┌─ Material provided
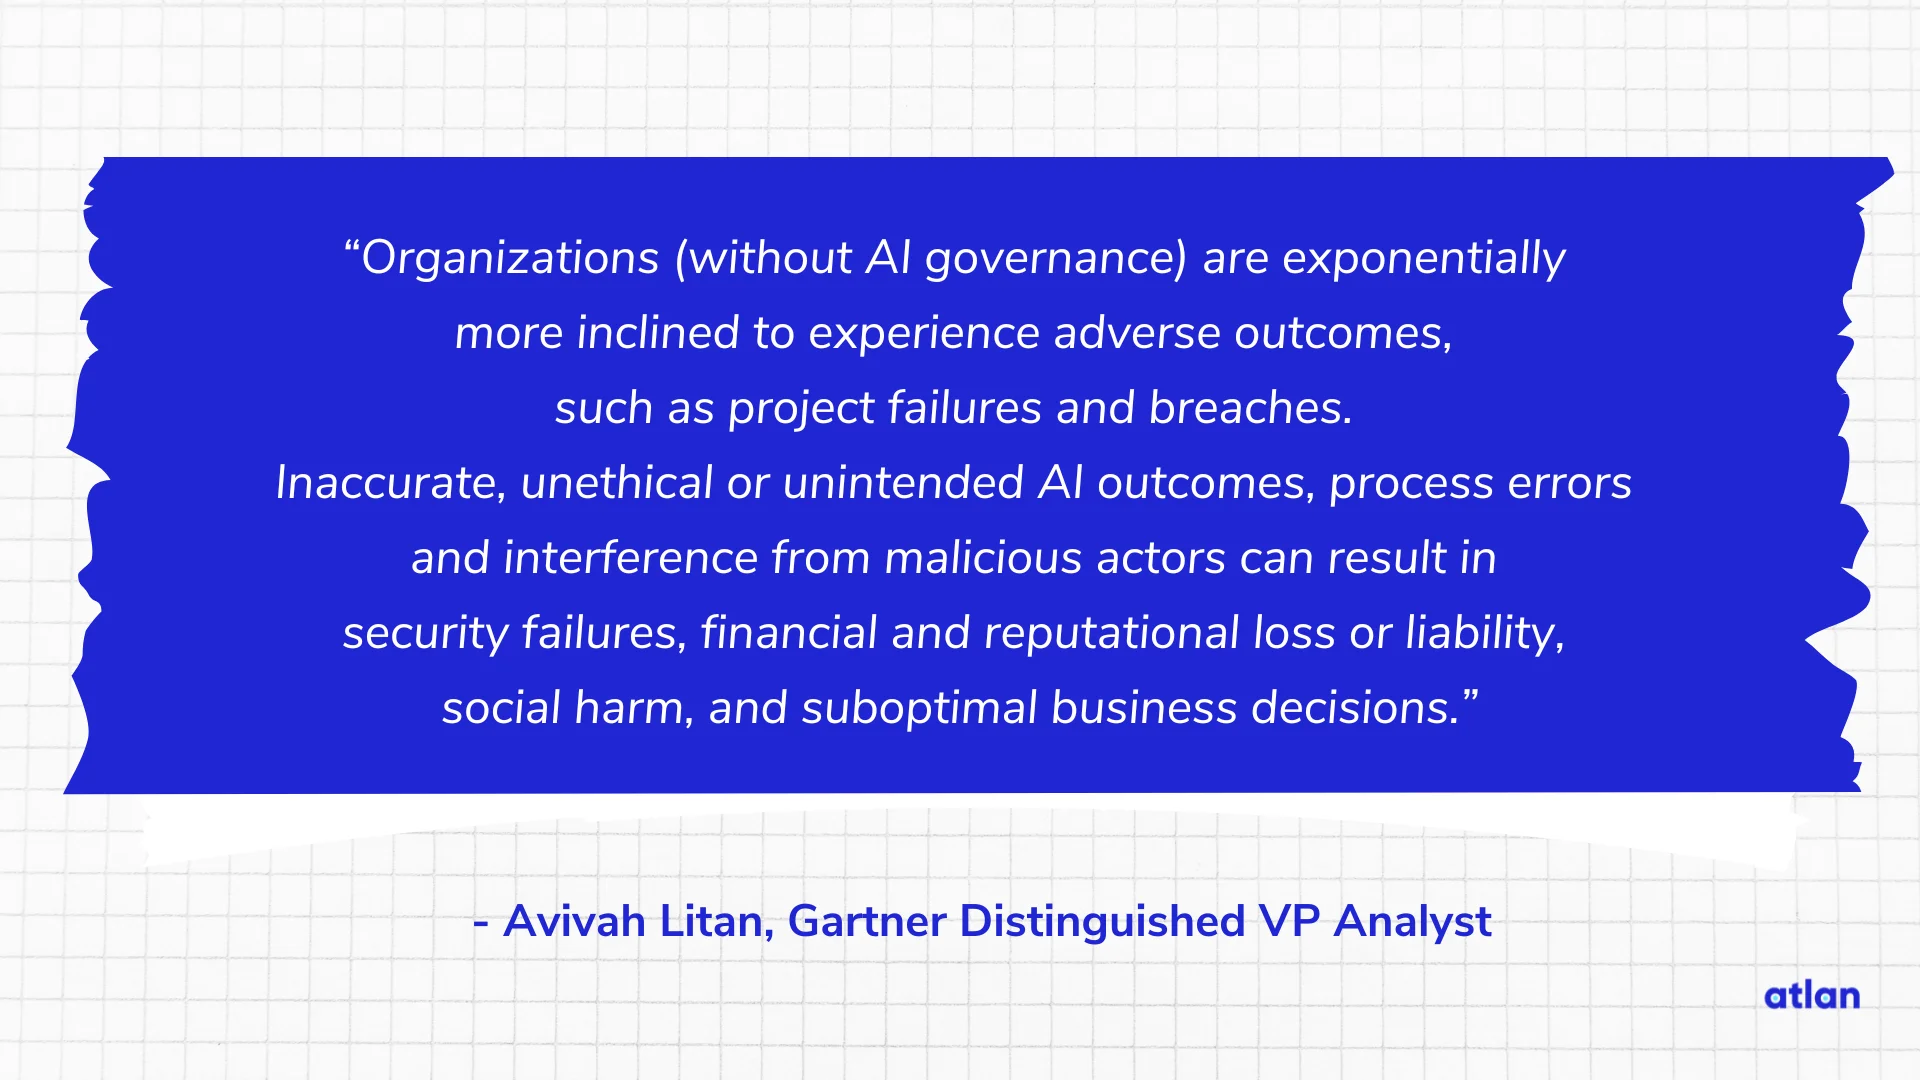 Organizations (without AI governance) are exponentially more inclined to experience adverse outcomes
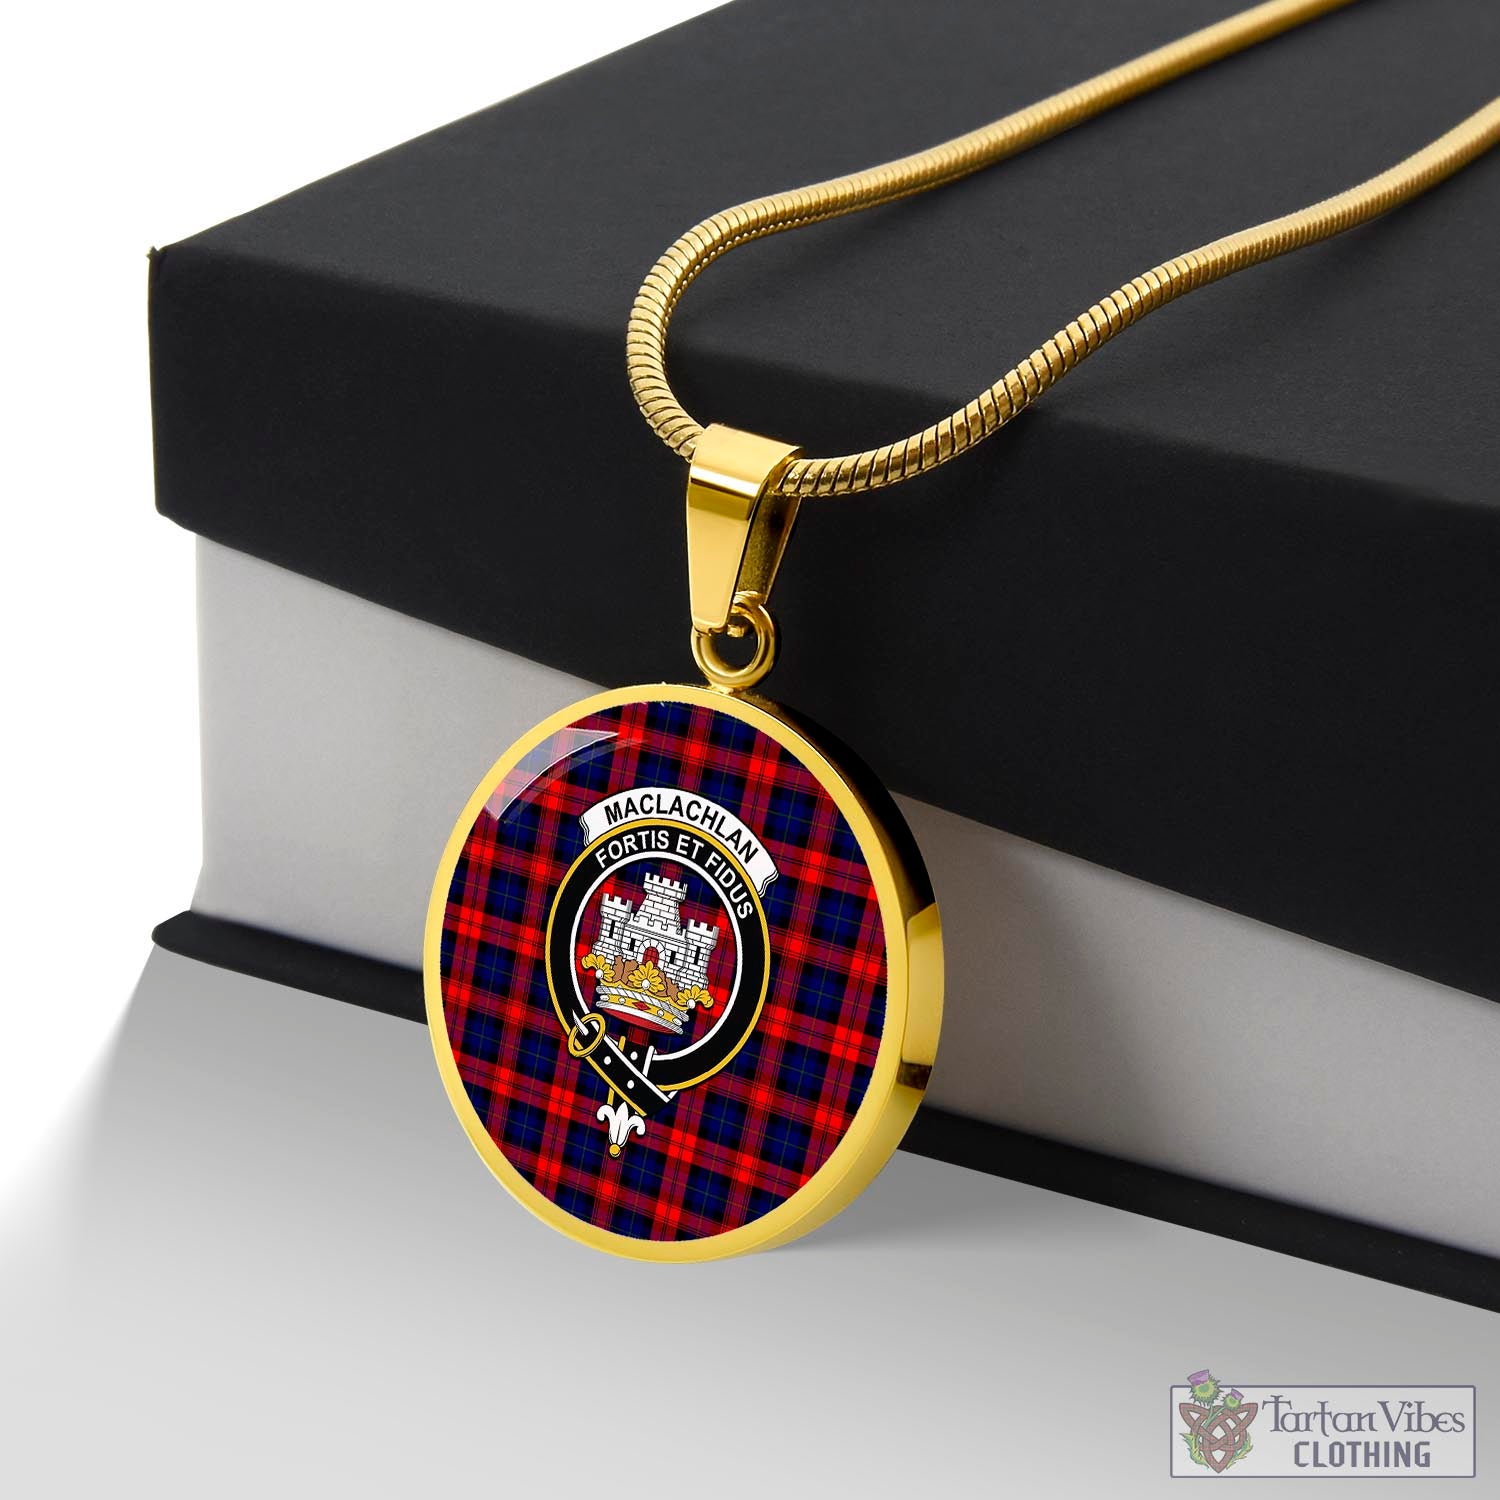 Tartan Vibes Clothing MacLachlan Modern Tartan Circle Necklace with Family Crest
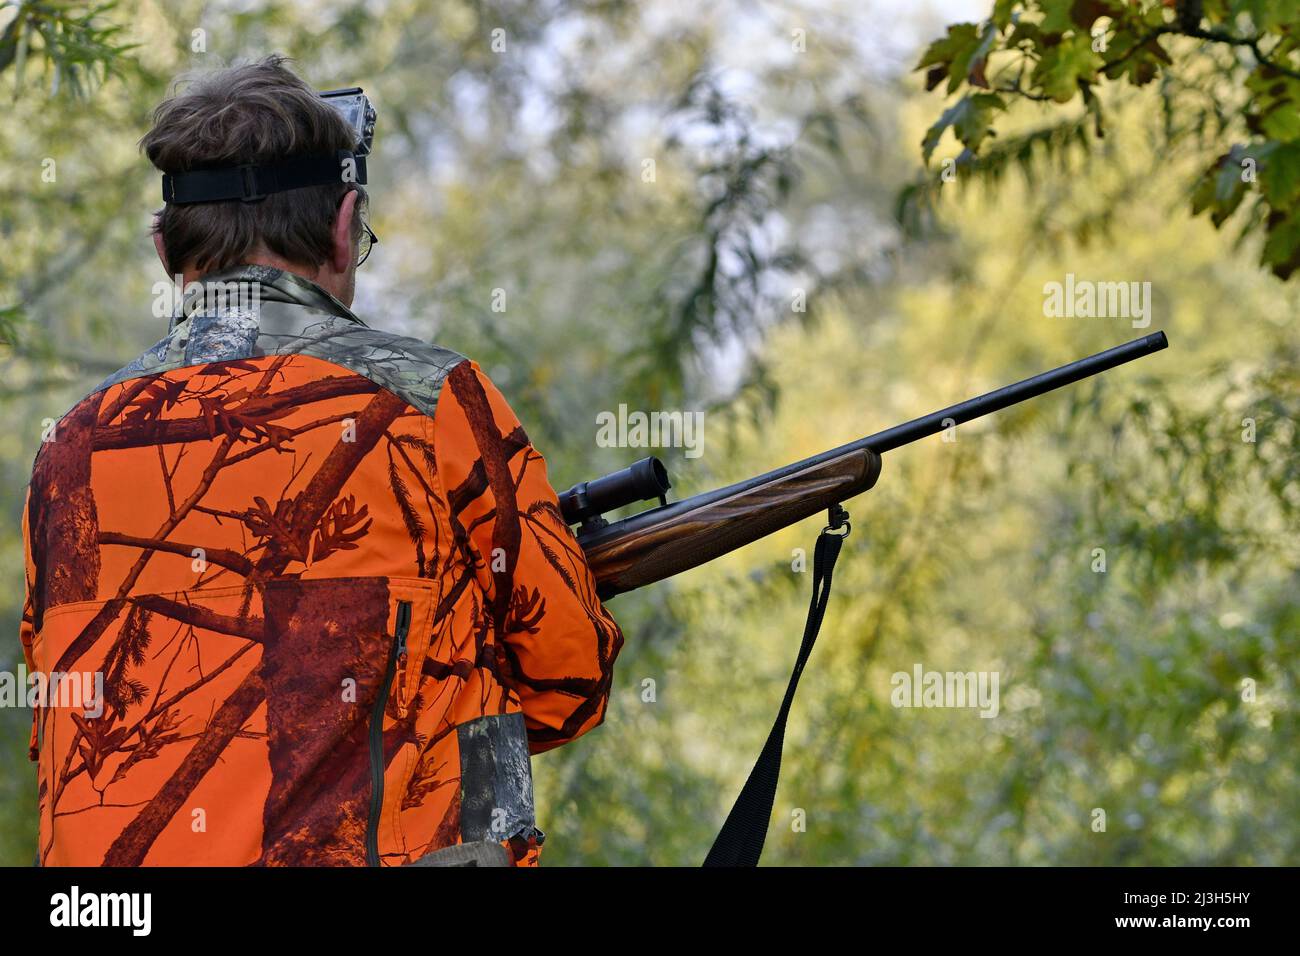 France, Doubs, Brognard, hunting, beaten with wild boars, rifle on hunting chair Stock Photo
└─
Work required - Take the line containing "Tartan Vibes Clothing" through the last line of the material and retype exactly those lines, both ends included, with no pictures.

Problem solution -
 Tartan Vibes Clothing MacLachlan Modern Tartan Circle Necklace with Family Crest
 France, Doubs, Brognard, hunting, beaten with wild boars, rifle on hunting chair Stock Photo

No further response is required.